Greg, I know yo will be much happier living under Obama’s new Socialist Republic of America, if it ever comes about. Then those big bad Corporations will all be gone, so will the unions and the masses will be running everything. Doubt however that you will make it into the Socialist Party heirarchy and under that system all that is left is the masses. Welcome to the masses Greg and you better hope they dont follow the scenario from Shakespear’s Henry VI , “The first thing we do, let’s kill all the lawyers.” Be careful what you wish for, because you might actually get it?
Yeah, yeah, that big socialist Obama. It’s hard to picture a point of view so far right that Obama looks Socialist to you. But I realize you have a lot of company…
BTW, I think Ltpar knows this, but I hope everyone else does: Despite what a thousand t-shirts say, Shakespeare never said “Lets kill all the lawyers” – that was a CHARACTER of his, Jack Cabe, a caricature of a populist rabble rouser.
I’m sorry, you must have wanted to speak to Cartoon Greg. I’m Real Greg. Real Greg not trying to destroy corporations and put unions in charge of anything; that’s Cartoon Greg. Real Greg wants basic good citizenship rather than larcenous piggishness from the corporations doing business here and he recognizes that power can corrupt unions as well as corporations — but Real Greg that doesn’t happen to be the problem that we’re having at this historical moment. Real Greg wants a political system that isn’t corrupt; he considers this a moderate and, well, realistic goal. He hates being confused with Cartoon Greg by people who barely know him, but he’s gotten used to it as the standards of political discourse continue to slide.
Real Greg also wants you to know that it wasn’t “the masses” in Henry VI who spoke that immortal line. It was thieves and knaves with an eye on claiming power. Here’s the relevant dialogue from Jack Cade and his follower Dick the Butcher in King Henry VI, Part II, IV, ii:
So I ask you: who wants to set themselves up as royalty in our society? Do you hear the 99% arguing for a worker’s dictatorship — or simply for fair and humane treatment? Do you hear the 1% arguing for fair treatment — or for MORE THAN fair treatment, in which they are allowed to be “too big to fail,” where they are insulated from the consequences of even their illegal choices, where none of them actually goes to jail (unless they turn against their class, like Bernie Madoff), where the system is rigged to allow them to buy political power by making politicians dependent on rich people’s money?

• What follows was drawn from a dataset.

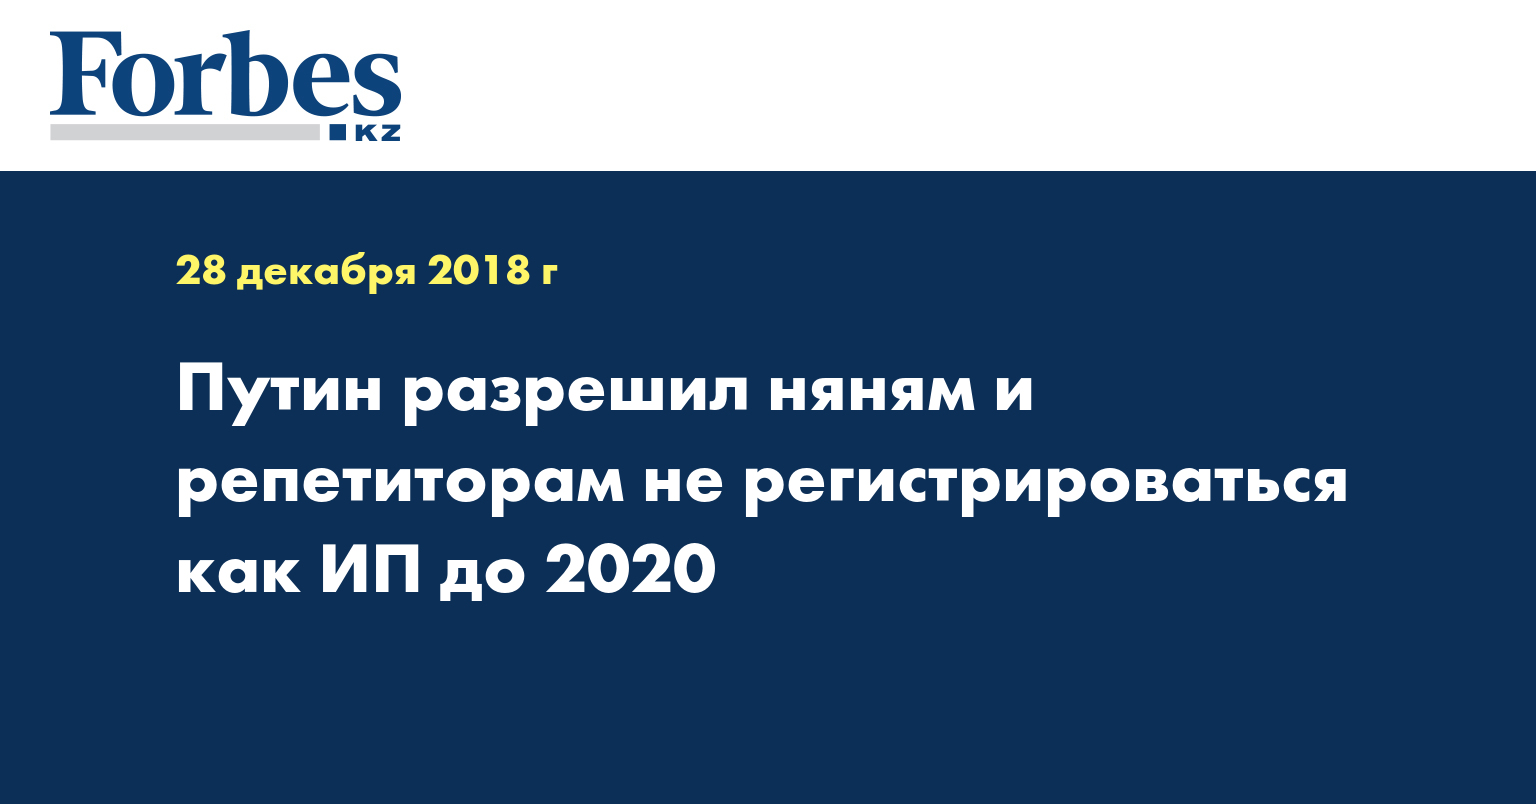 Путин разрешил няням и репетиторам не регистрироваться как ИП до 2020

Your comment is very revealing. Yeah, they want to get rid of all impediments to justice, including lawyers like me, whom they don’t control. And you’re perfectly happy with that because you consider it freedom. Don’t worry, man; when American Stalinists set up their their control in your fever dream, I’ll be shot like the rest of the decent Bukharinists. Or, if you prefer, when we have our version of the French Revolution from your fever dream, I’ll end up like Danton. You, presumably, will accommodate yourself to power however the need dictates.

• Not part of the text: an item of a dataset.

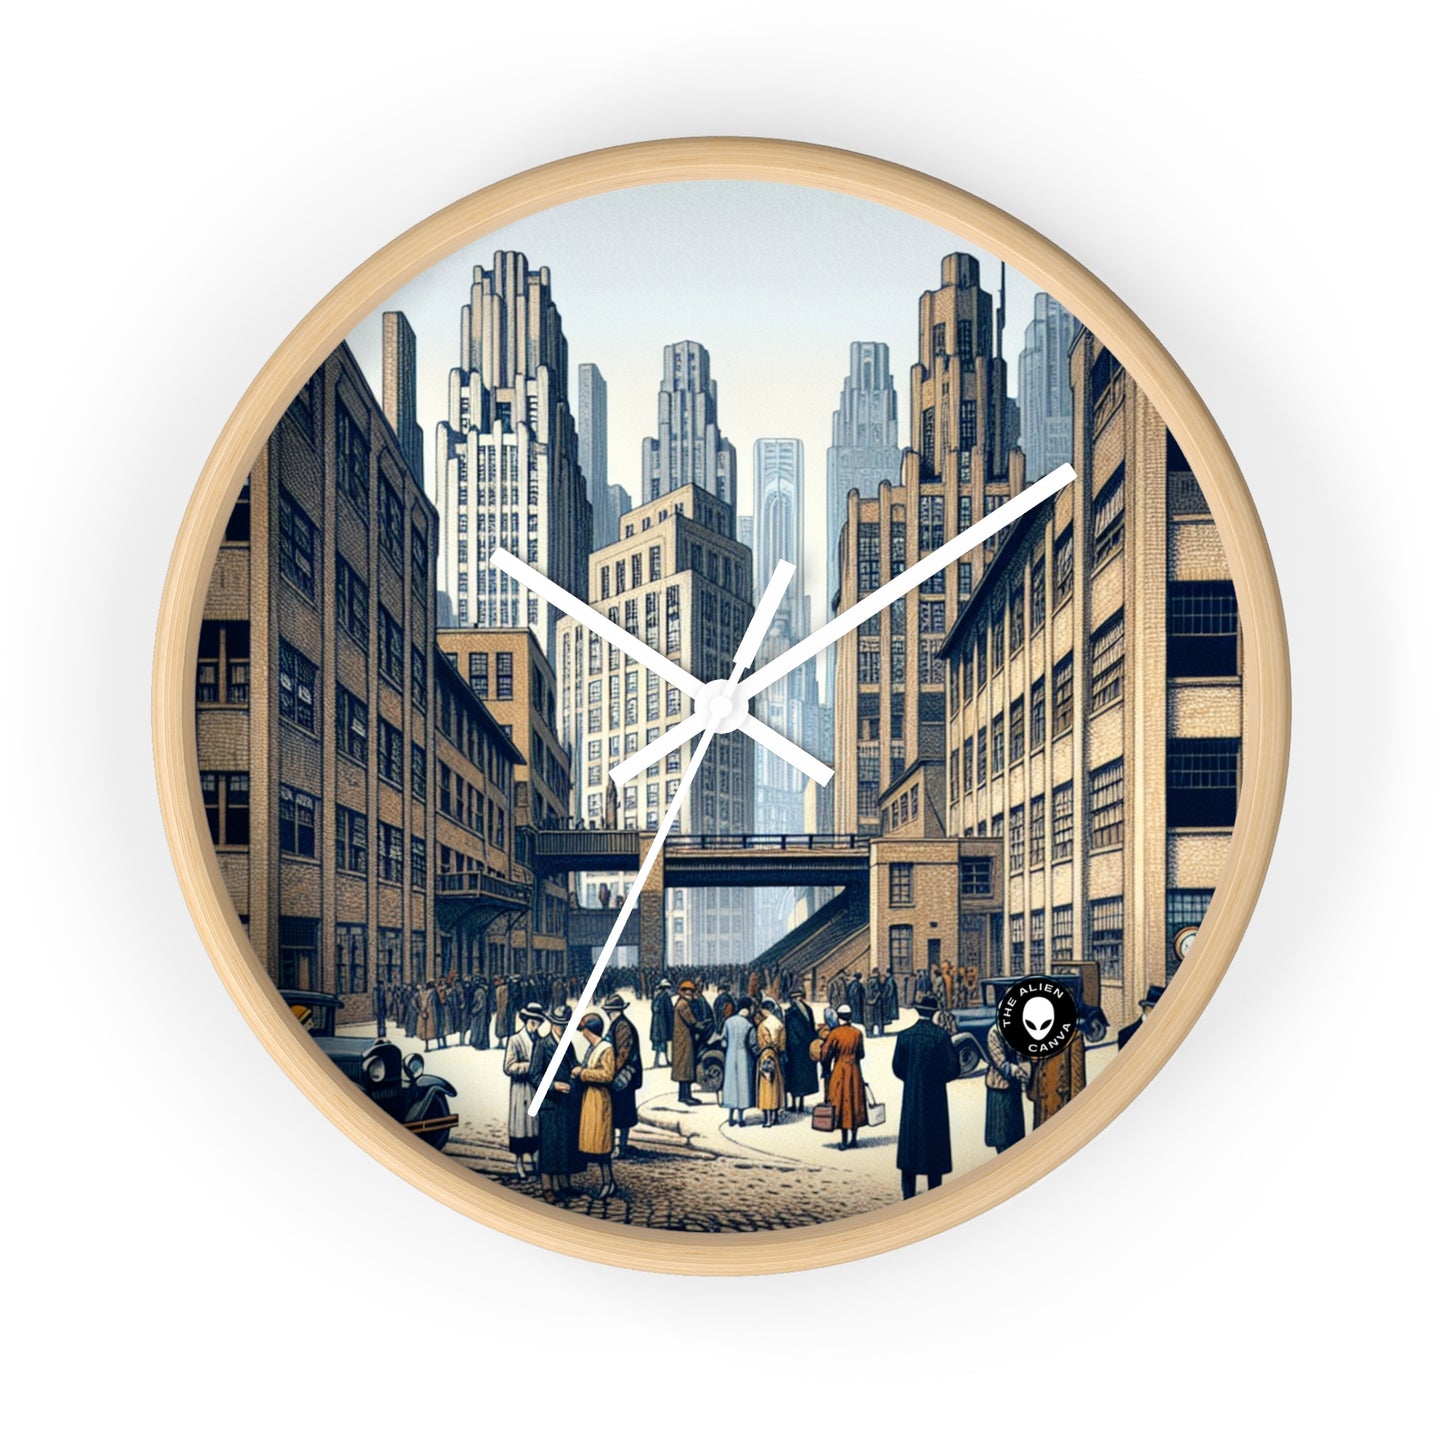 "Géométrie urbaine : un paysage urbain moderne dans une nouvelle objectivité" - L'horloge murale Alien New Objectivity

Be careful what analogies you use; I may understand them.
Greg, for my reading of your rants, I doubt you understand much of anything, at least in the real world. The only diference between you and me is that when those Obama American Stalinists, as you refer to them set up their agenda, you will still be negotiating that you are one of them and I will be in the streets fighting them.
I don’t think that the “Obama American Stalinists” will do much of anything, being fictitious and all.
When need be, I fight people to my left (although I don’t consider Stalinism “left”) as well as on my right. I don’t get accused often these days of being afraid of being willing to speak truth to power. Go off and enjoy your “Red Dawn” fantasy. Wolverines!